Genetic testing for cancer is done for different reasons. It is used to predict the risk for cancer in a patient with a family history. Some may want to figure out whether they are carrying a cancer-causing gene that can be passed on to their children.
Even cancer patients may be recommended genetic testing to understand whether they are at risk for other types of cancers and also to decide the right course of treatment.
But whether a patient or family member has been advised by a doctor to go for genetic testing or they have decided to do it by themselves, the process is usually fraught with worry and doubt. This is where genetic counseling or a discussion with a genetic counselor helps.
A genetic counselor is either a doctor with a degree in medical genetics or a person with a specialized post graduate in genetic counseling. They advise patients about the nature of a number of inherited diseases, cancer being one of them.
Cancer risk assessment with a genetic counselor
Genetic counselors act as advocates for the patient and help them discuss options with their oncologist or onco-surgeon. They recommend the specific genetic test required for the type of gene mutation that the patient is likely to have. Ideally, the counselor and the patient’s doctor should be in agreement about the genetic test which is most appropriate.
The counselors also interpret the reports of these tests and help patients deal with the medical and psychological implications, especially if the result is positive.
Dr. Aparna Dhar, Genetic Counselor, Core Diagnostics explains how genetic counseling works by sharing the case of 20-year-old Geeta Varma (name changed) who is a breast cancer patient.
While discussing her medical history, Geeta did not reveal that her father passed away due to male breast cancer. Like many patients who do not share information about medical issues related to their reproductive or sexual health because they are afraid of being judged, Geeta did not share this information due to shame.
After some psychological counseling, when Geeta finally admitted the cause of her father’s death, she was tested for a specific germline mutation in her genes.
Her younger brother also benefited from the test as they began aggressively screening him for the cancers caused by that specific gene mutation. This included both male breast cancer and prostate cancer, which meant he had to go for periodic breast mammograms and ultrasonography for the prostate. Geeta’s medication and treatment also could be planned and monitored better thanks to the correct diagnosis of the type of cancer.
Dr. Aparna Dhar walks us through some of the common questions or concerns that most people have regarding genetic testing for cancer.
At what age can one go for genetic testing for cancer?
Genetic testing to predict the risk for cancer (prior to the appearance of any symptoms) is usually advised to those who are 18+ unless a parent or doctor requests it before that age.
What is my cancer risk? How can I decide whether I need a genetic test?
As you are aware, it is important to reveal your complete medical history and medical records as the first step to assess whether you are at risk for specific inherited cancers.
A genetic counselor will help determine whether you have genetic risk factors based on your condition, age and family’s medical history. There will be questions regarding:
- Your detailed medical history including hospitalization and surgeries
- Types of cancers in the family and extended family
- Any conditions such as colon polyps that are linked to certain cancers
- Prior genetic test reports of family members, if any
Then certain risk assessment tools are used to determine whether you require further screening or testing.
Is the cancer prediction risk 100% accurate?

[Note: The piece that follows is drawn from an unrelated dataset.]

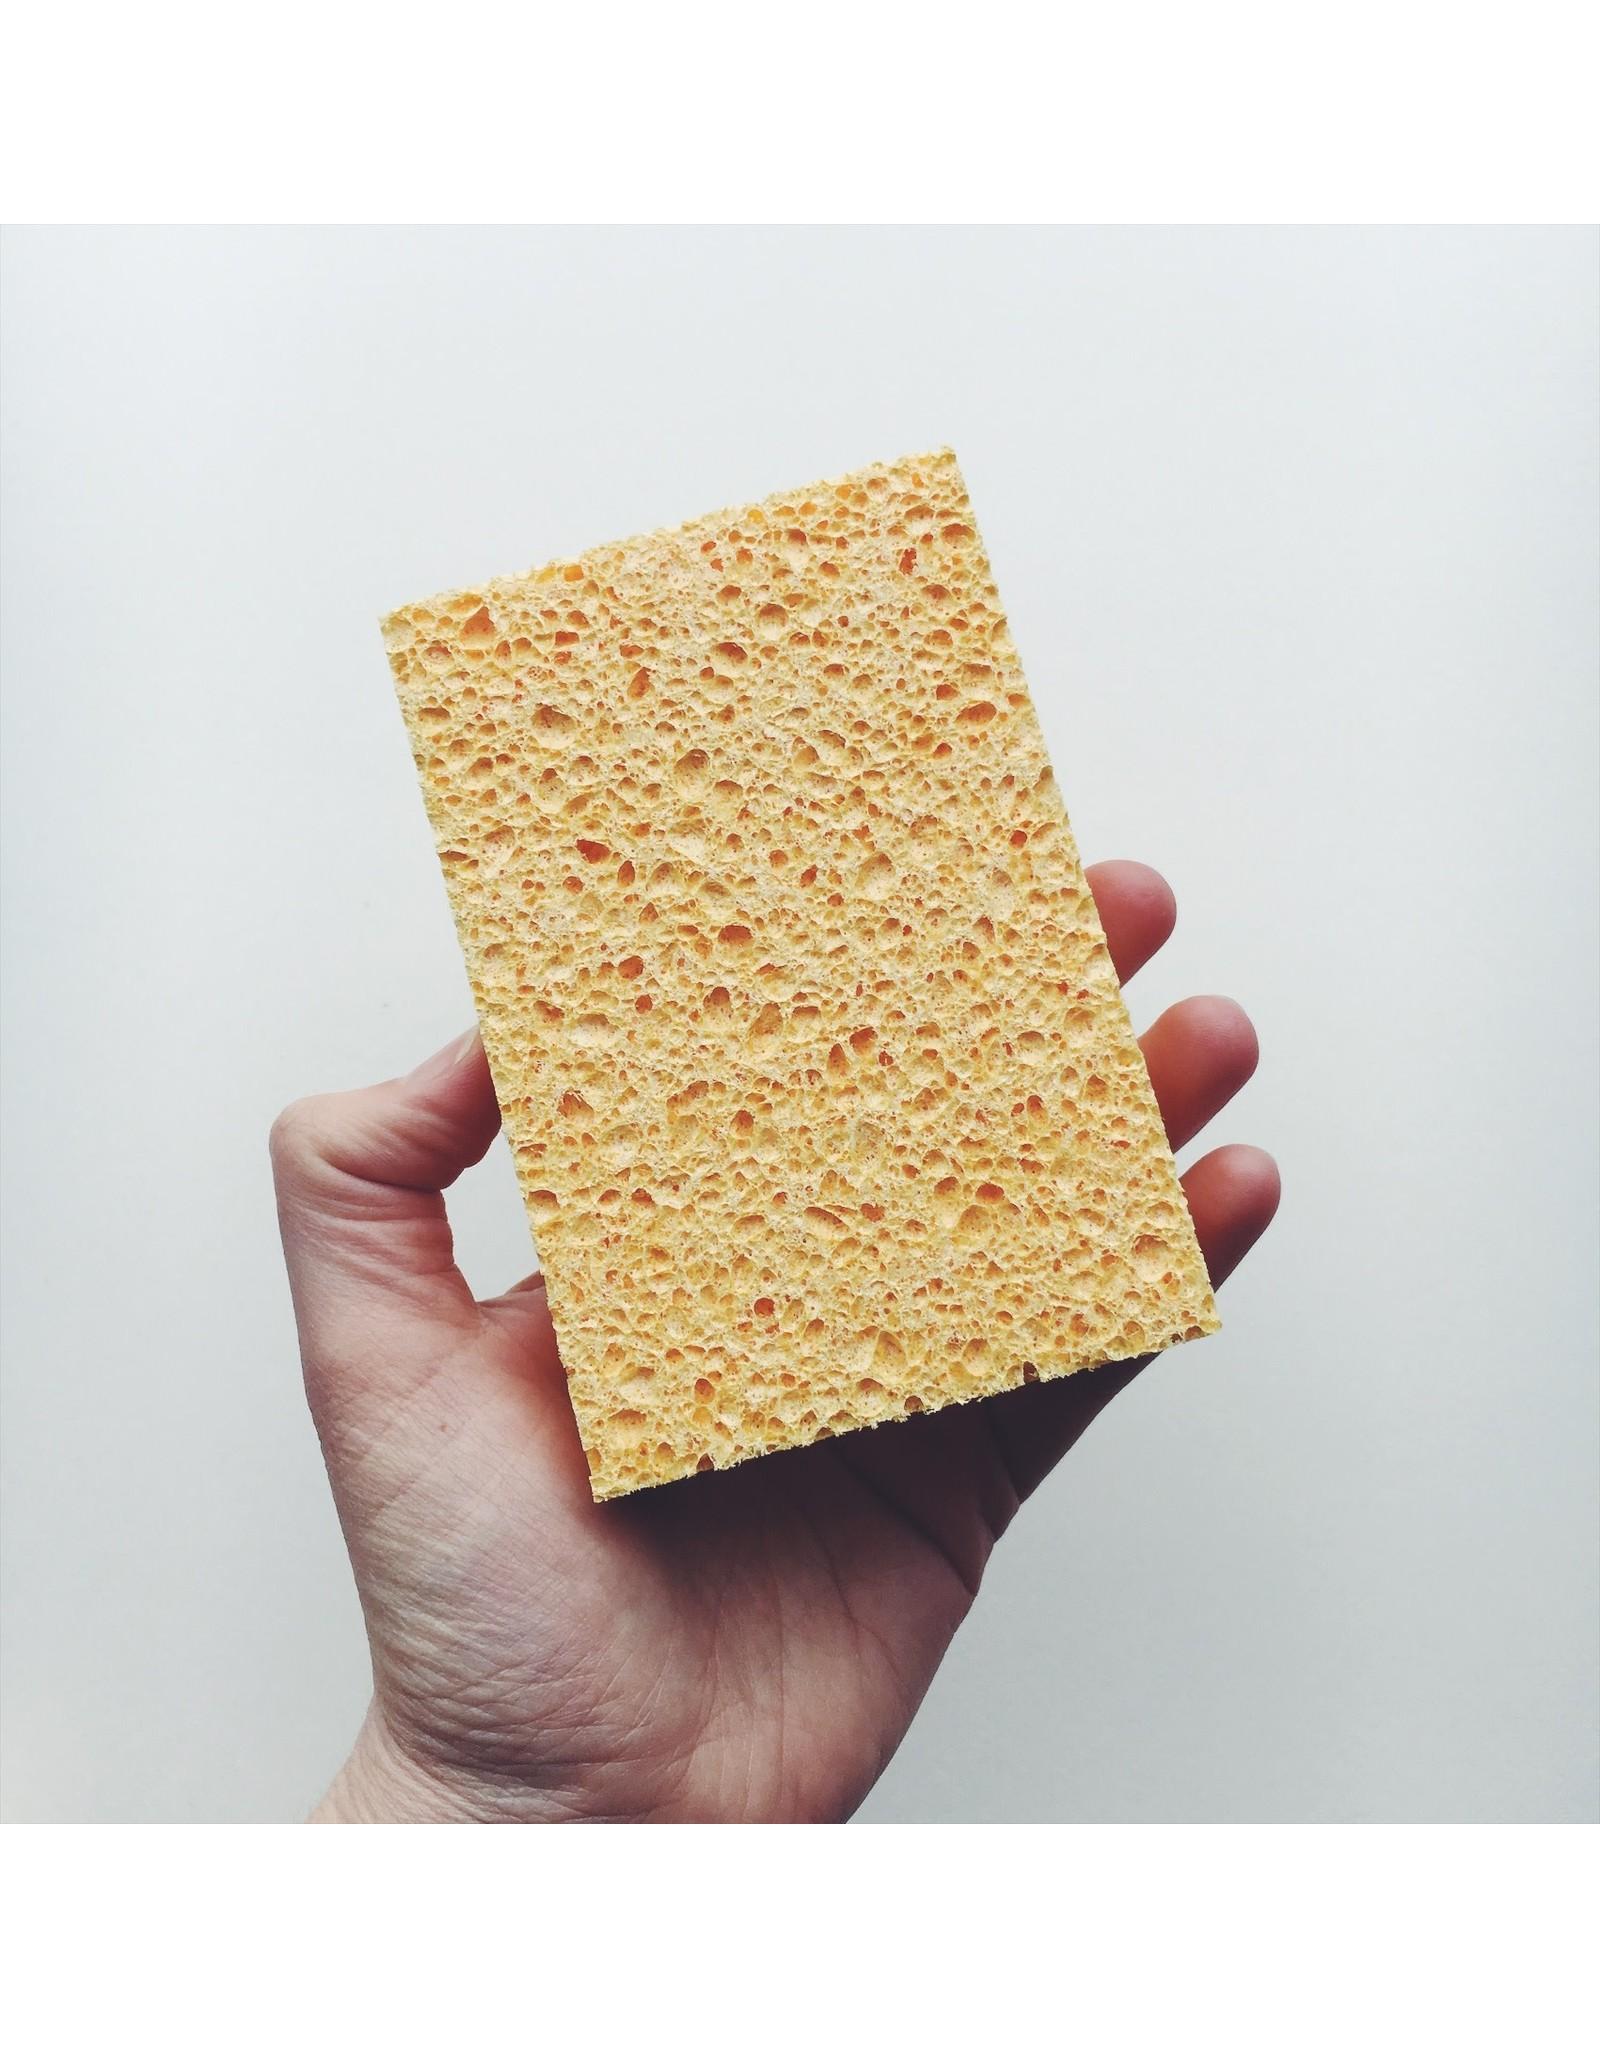 Biodegradable Cellulose Sponge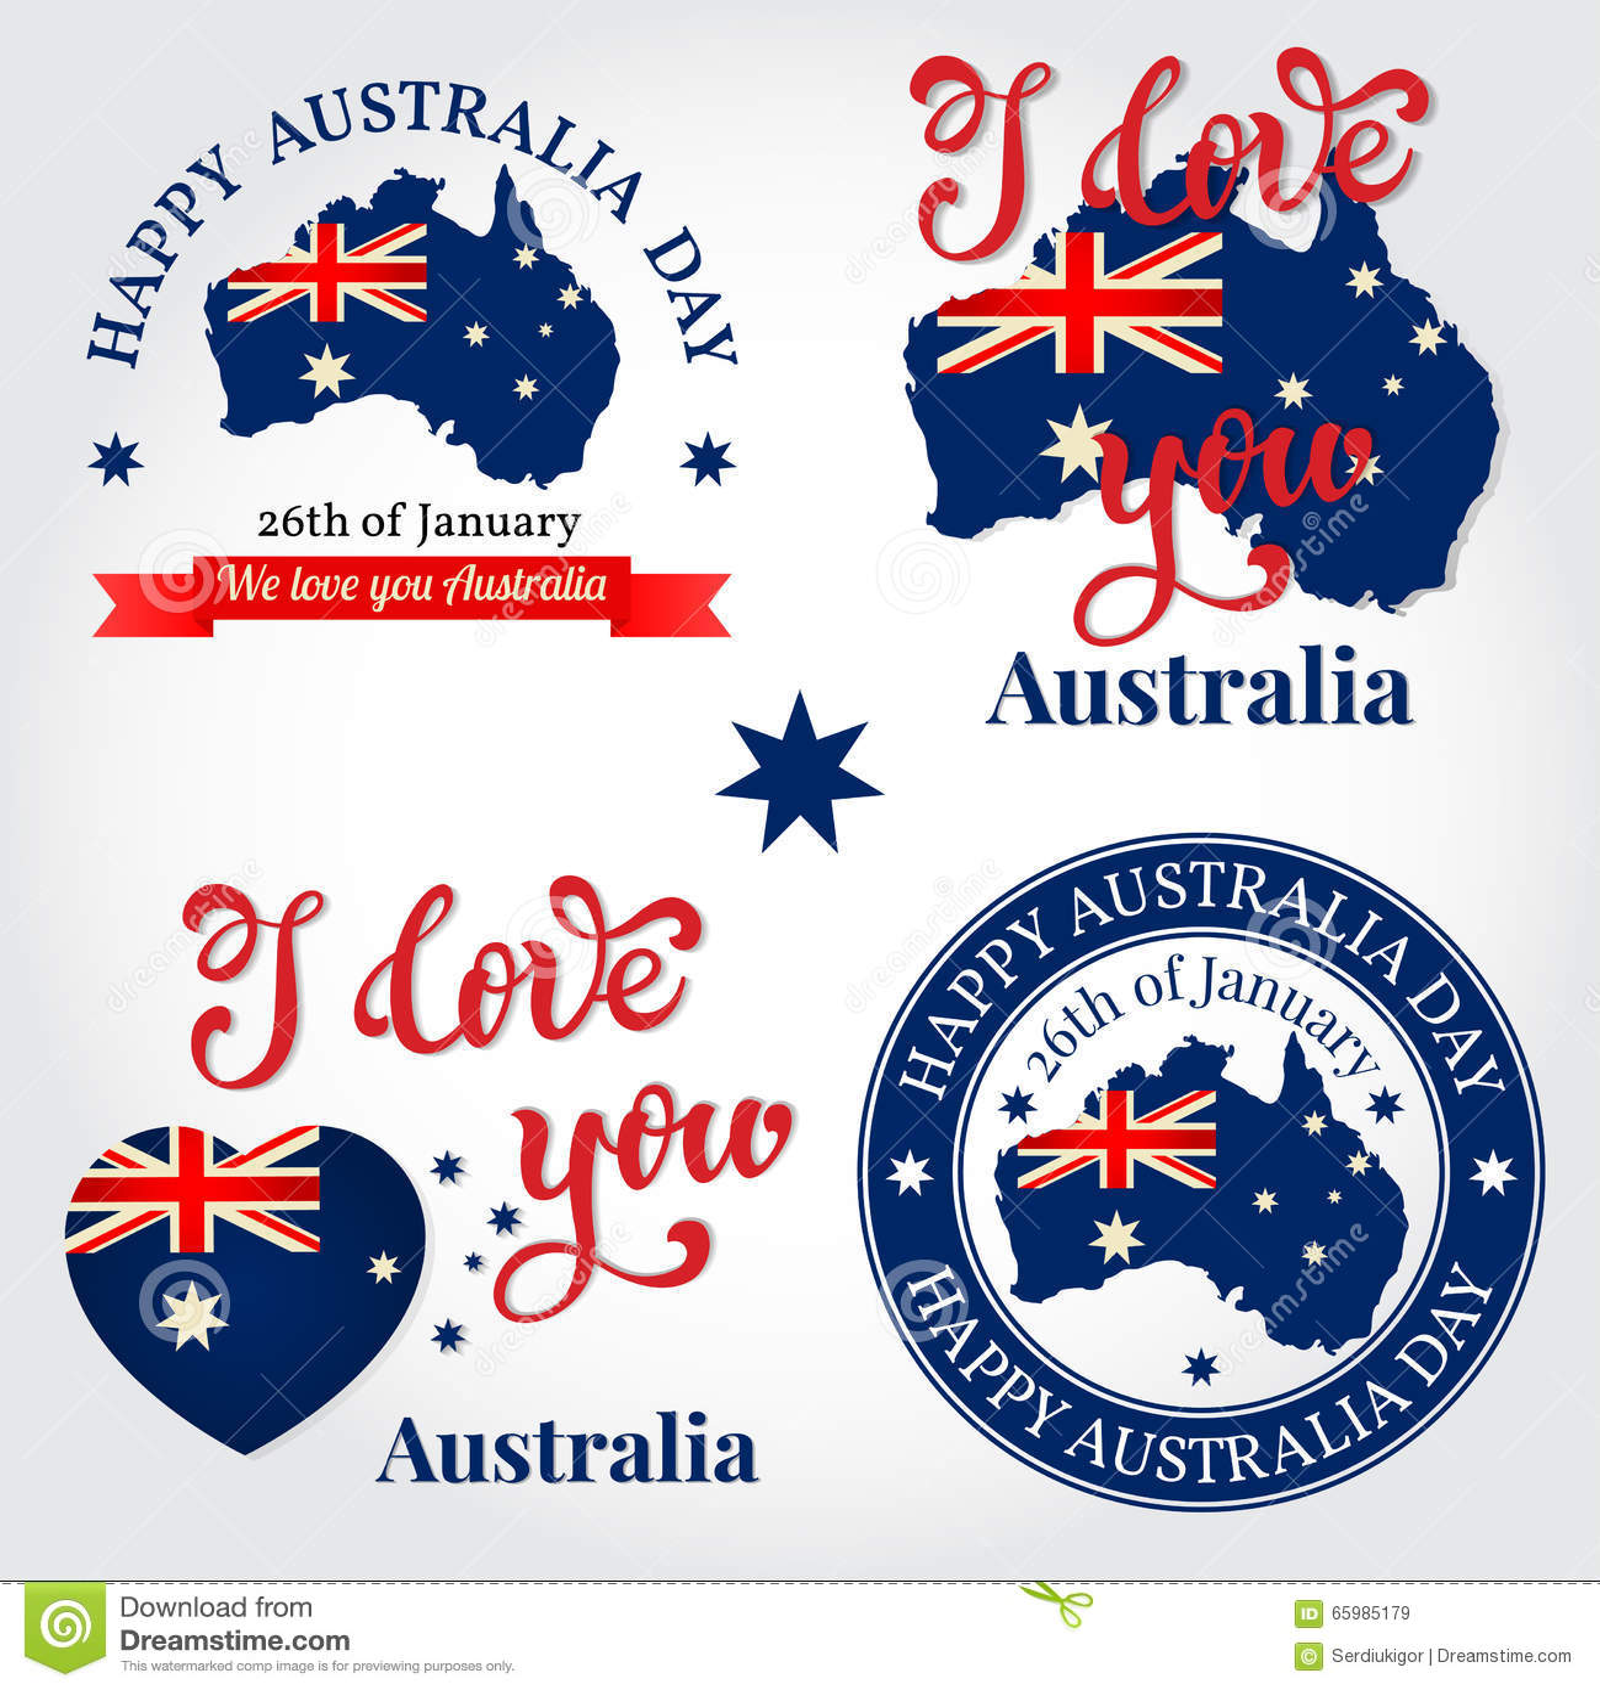 Will you date me in Australia

The genetic counselor assesses your risk based on your medical history. You must understand that it is based on certain predictive algorithms, which determine whether you have a relatively higher risk of getting cancer than the general population, statistically speaking.
After the counseling session, it is also possible to find out that your risk is not as high as you think so you might not require genetic testing for cancer.
Does a positive genetic test report mean I will get cancer?
The dreaded c-word evokes fear and anxiety. But, it is important to understand that the risk is determined for a specific genetic mutation, which means you are at a high risk for developing a specific type or types of cancers. Your genetic counselor will be able to guide and advise you on how to cope with the stages of grief that you might go through and also to deal with the medical implications of the test. You should discuss the possible screening options, preventive surgeries, and other treatment options. You can also find out whether further testing of any kind is needed for you and your family members.
But, nobody will be able to guarantee that you will or won’t develop cancer.
If I have a genetic mutation, does it mean my family is at risk for cancer?
As you saw in Geeta’s case, it is important to screen certain family members for specific gene mutations. However, this does not mean future cancers are certain or will always occur. To understand your family’s medical needs it is important to discuss the implications of the test with the genetic counselor.
Does a negative result mean that I won’t get cancer?
Genetic testing for cancer is used only to predict the risk for cancers that are inherited through gene mutations and not the cancers that are caused by lifestyle and other factors. After you have a sigh of relief, you need to speak to your doctor about the next steps.